— Э-эх! — с досадой выдохнул капитан Кумушкин. — Меры? Какие?.. Может, прикажете собственными силами молодцов проучить?
— Да боже упаси!
— Вот именно, упаси нас от всякого своеволия, мы первые подчинены закону. А господин закон от нас потребует: выкладывай доказательства на стол! И что же можем положить? Первое — заявление благородного заступника, которое отвергается даже тем, за кого он заступился. Второе — следы жестоких побоев, нанесенные всем троим, вплоть до выбитых зубов. Третье пояснительная справочка к делу: Копылов Михаил Александрович — мастер по каратэ, а пользоваться этим опасным мастерством равносильно применению холодного оружия… И как вы считаете, что скажет после этого закон?..

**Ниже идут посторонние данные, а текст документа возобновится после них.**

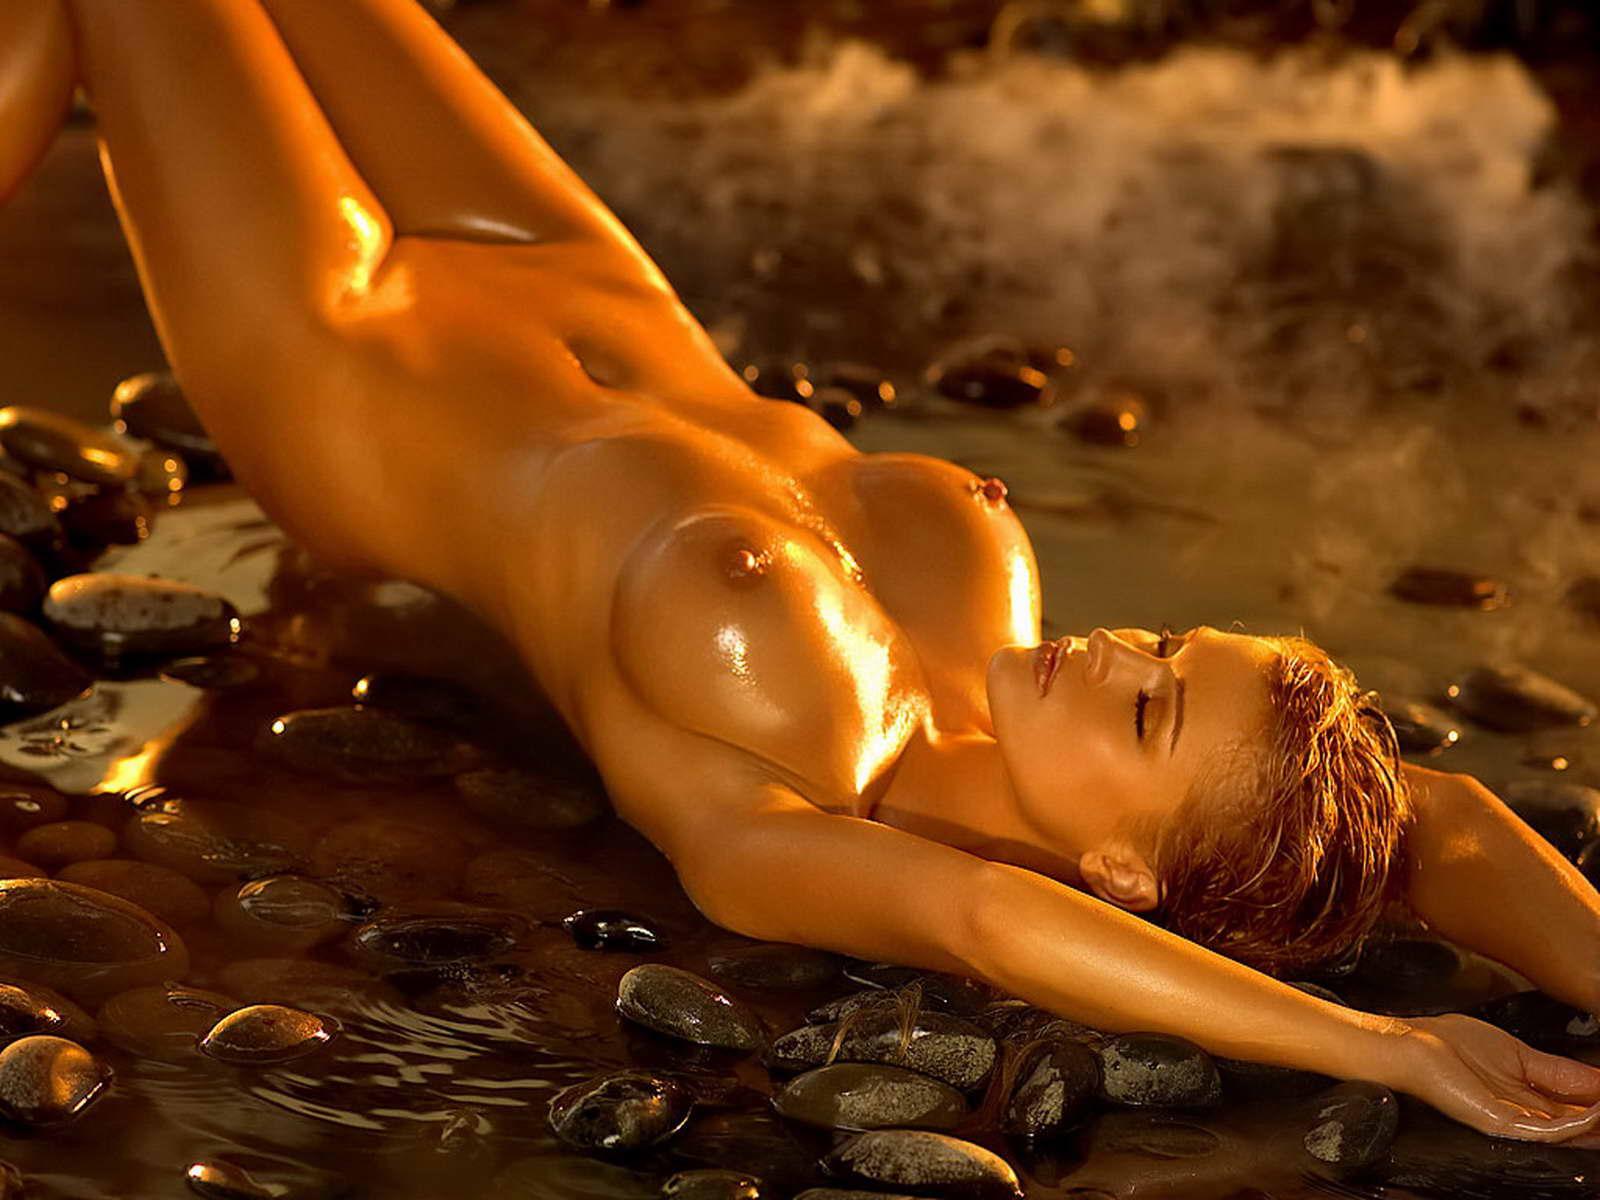 Эротические смеси масел, Эфирные масла Афродизиаки. Список Эротических 2 фотография

Я с минуту подавленно молчал.
— Но почему же потерпевшего не пригласили в отделение милиции? — неожиданно удивился я. — Почему здесь внимательно не побеседовали с ним?.. Почему из-за труса должен страдать порядочный человек? Из-за подлого труса!
Кумушкин огорченно покрутил фуражкой.
— То-то и оно. Пока разваливающихся на части молодцов собирали с газонов, потерпевший словно сквозь землю провалился. Да, постовой допустил промашку. Он не наш — из ГАИ. Спасибо ему на том, что согласился пост покинуть.

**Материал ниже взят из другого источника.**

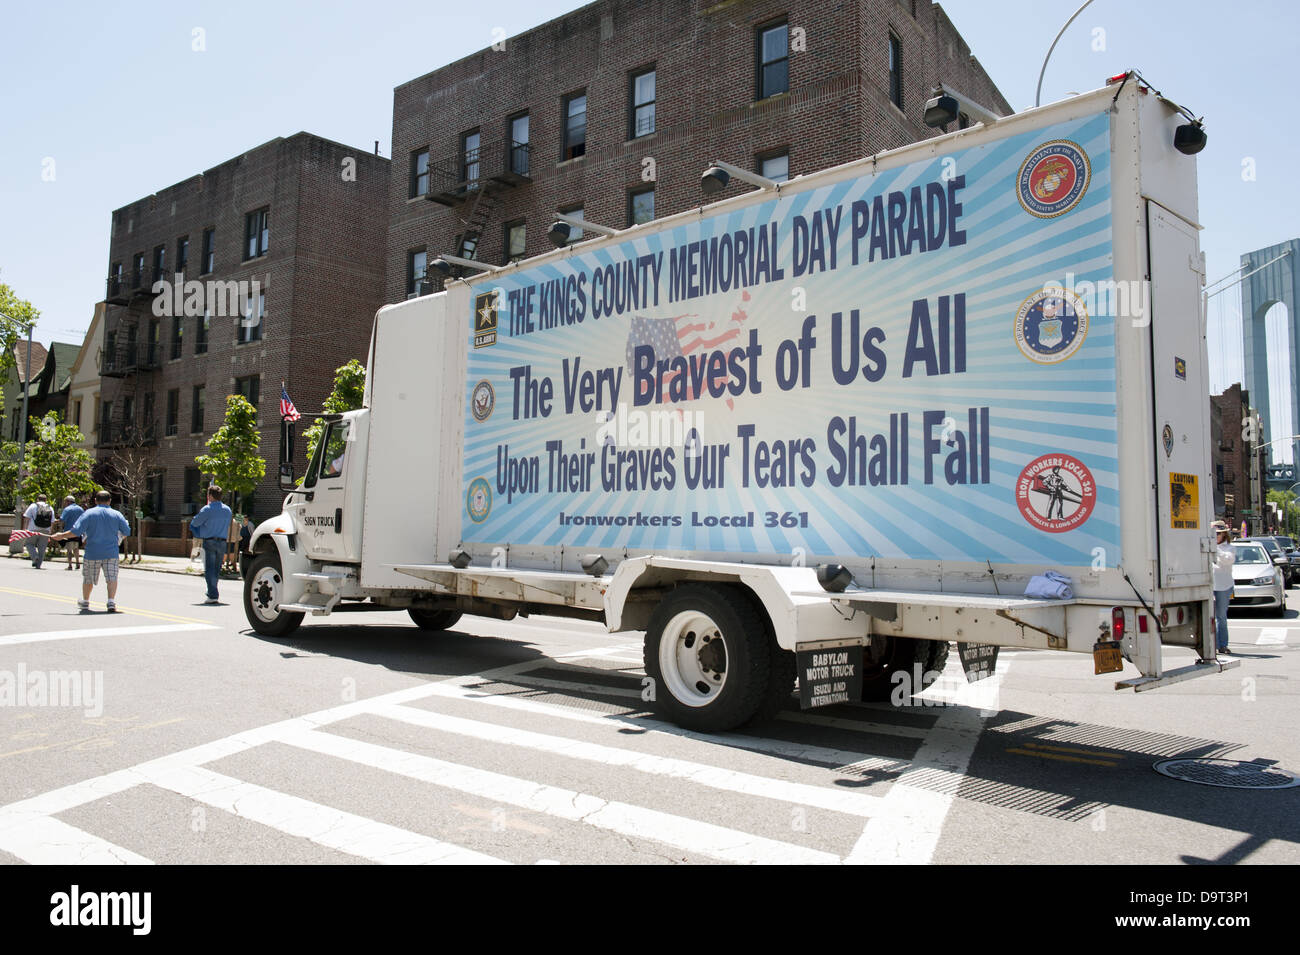 Ny Truck Stock Photos & Ny Truck Stock Images - Page 2 - Alamy

— Странные фокусы выкидывает жизнь, — заговорил я подавленно очевидное недоказуемо, подлость ненаказуема, а самоотверженность непростительна. Да неужели это вас не ужасает, товарищ Кумушкин?
— А я себя, товарищ Гребин, в рукавичках держу. На нашей работе возмущаться да кипеть — быстро испаришься, на дело тебя не останется.
— И как же вы нынешнее дело решите? Каким холодным способом?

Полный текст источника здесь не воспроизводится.